Sep 28, 2006 03:27
you know its funny. i dont even GET high anymore off the stuff, but if i don't do it, i'm sick as a dog and wish i was dead, and for the most part, i already am.
i've put some pounds back on during my stint in jail, which was about the longest time without anything in years. 2 months, petty charges of course, because they're all too stupid to nail me for anything big, putting me away, although would mean major headlines, it would also mean i would expose the sick twisted fucks, right under the noses, wearing badges and carrying guns. i know about the underworld all to well.
i got out of prison, came home, and shot up. it doesnt phase me, it's become my life. a line off the kitchen table while reading my mail, a needle in the vein after i get out of the shower. it's like taking medication, every day, as many times a day as perscribed, at this point, it's anywhere from 3-7 times. i haven't been to see my doctor recently, even though i've supposedly had appointments with him. my heart is probably in the same condition it was years ago, broken, and ready to give out. i don't get the sharp stabbing pains anymore, they've changed to a dull ache, all the time. i think that's just my soul inside, or what's left of it.
sadly, when i was in prison, my dog died. i got word of it via a letter the neighbors daughter sent to me. i miss him. dogs are irreplacable, like people i guess. it feels very lonely in the house without him, and i often find myself calling for him, but showing to no avail. it is the first thing in awhile i have actually felt. a sense of loss. another dog will come along, but it wont be the same.
i spent yesterday at my old shop, hanging out, doing what i could to stay out of trouble. no tattooing, or piercing, but cleaning up, and dealing with customers. i still hold a dominating prescence there, as if i still am the owner, it makes me think twice about what i do, and i think i may open another one, and try to get back into tattooing. it was my livlihood, i lost it when i started to get the shakes. they're gone now, why, i have no idea, i can still draw, so i can probably still tattoo, i kept a lot of my equipment.
i've also been thinking about moving away from michigan, in attempt to get completely clean. i know leaving here, and going somewhere where i know no one, is the only thing that in the end, is going to save my life. sell the house, and whatever, and just go. it wouldn't really bother me, because there's nothing that holds me here. material posessions are worthless. i'm getting up there in years, and maybe that dull ache i mentioned, is my own little way of saying i'm growing bored of this, and want something new.
i had a girlfriend not that long ago. after i got out of jail. she moved right in here, and tried to suck me dry. snorting my income up her nose, and shooting mybills in her arm. worse than me, it was terrible. she took off in the middle of the night, taking 3500 dollars, and my last pack of cigarettes. i felt remorse when i woke up for having no cigarettes. i didn't see her for about 3 weeks, and then i came home from doing some errands to find her sitting on my couch, in ratty underwear and one of my old wifebeaters watching my tv. sketched out, and desperate, with money gone, and no one to supply, she'd come back. they always do. i went into the bedroom to lie down, not saying anything, what the fuck do i care. she came and tried to fuck me. i pushed her off and she kept trying to suck my dick, begging for a hit. i'm such a sucker. i watched her snort a line off my belly, and shot my shit down her throat. she crawled into my bed and slept for 3 days. 3 days, i spent calling around to see who she ripped off. i knew that was the case, she came to me for protection, and in return, i gave her up. i got a hold of this guy, and told him where she was, and that i had no intent of stopping him, if he should decide to drop by. drop by he did, escorted her to his car, and that was that.
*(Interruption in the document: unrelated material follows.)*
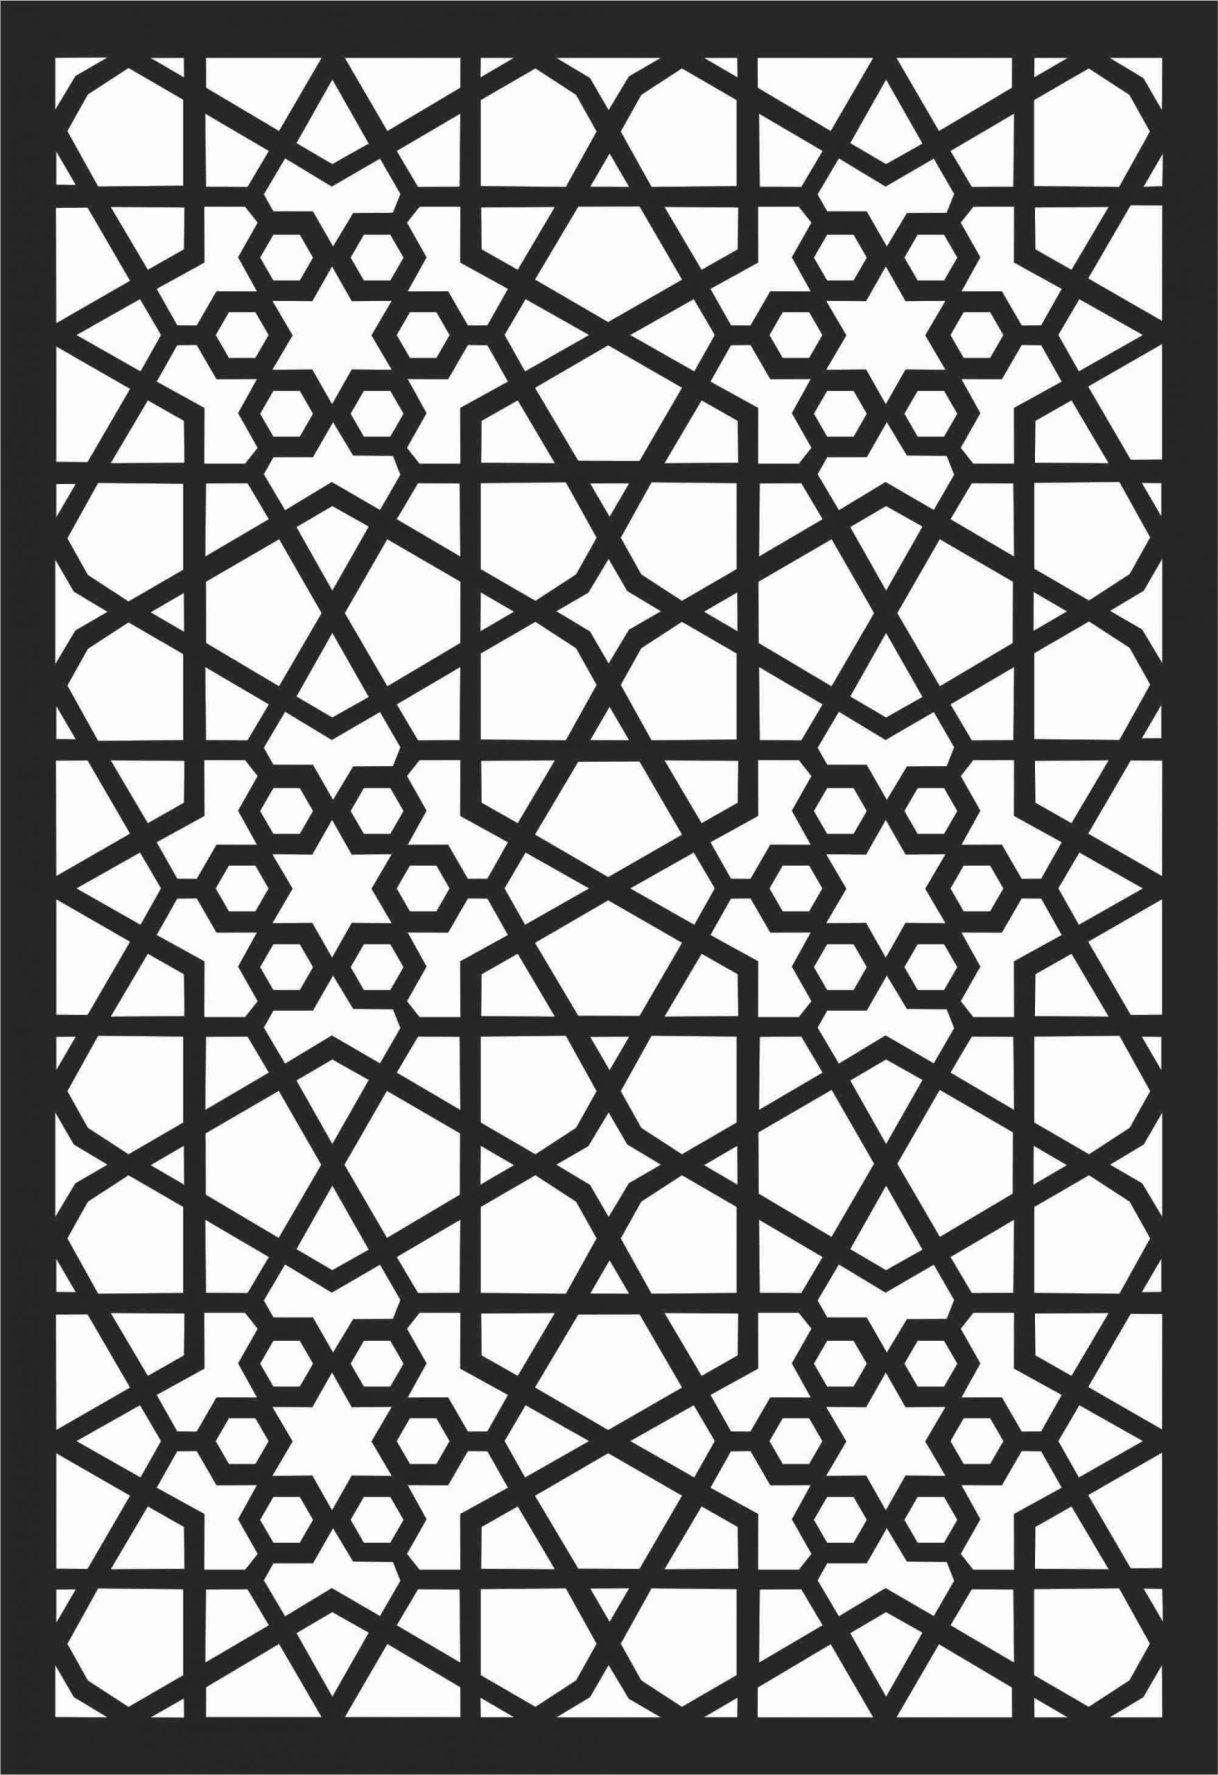 Screen Panel Patterns Seamless 29 Free DXF File

i've come across so many people in my life that are like me, i can hardly stand it anymore. even as fucked up as i am, i still have morals. i still have values, buried, but exsistant. i've never fucked anyone, ripped anyone off, turned people in to the cops, anything. i'm solid, and i guess that's why people like me. i'm a man of my word. i dont know where i learned it from, but it must have been from somewhere. there is this great potential, for me to turn my life around, but there is the undenying desire not to. i don't know how to be legitimat anymore, and i fear it. i'm not a 9-5, suit and tie kind of guy and i'm far from stable, emotionally anyway. i sat on my basement floor tonight, and looked at old photo albums. even as a kid, i was never happy, there's always been this looming potential for disaster over my head. my destiny, is exactly what i have become.
can people change? no. i think they just fake it.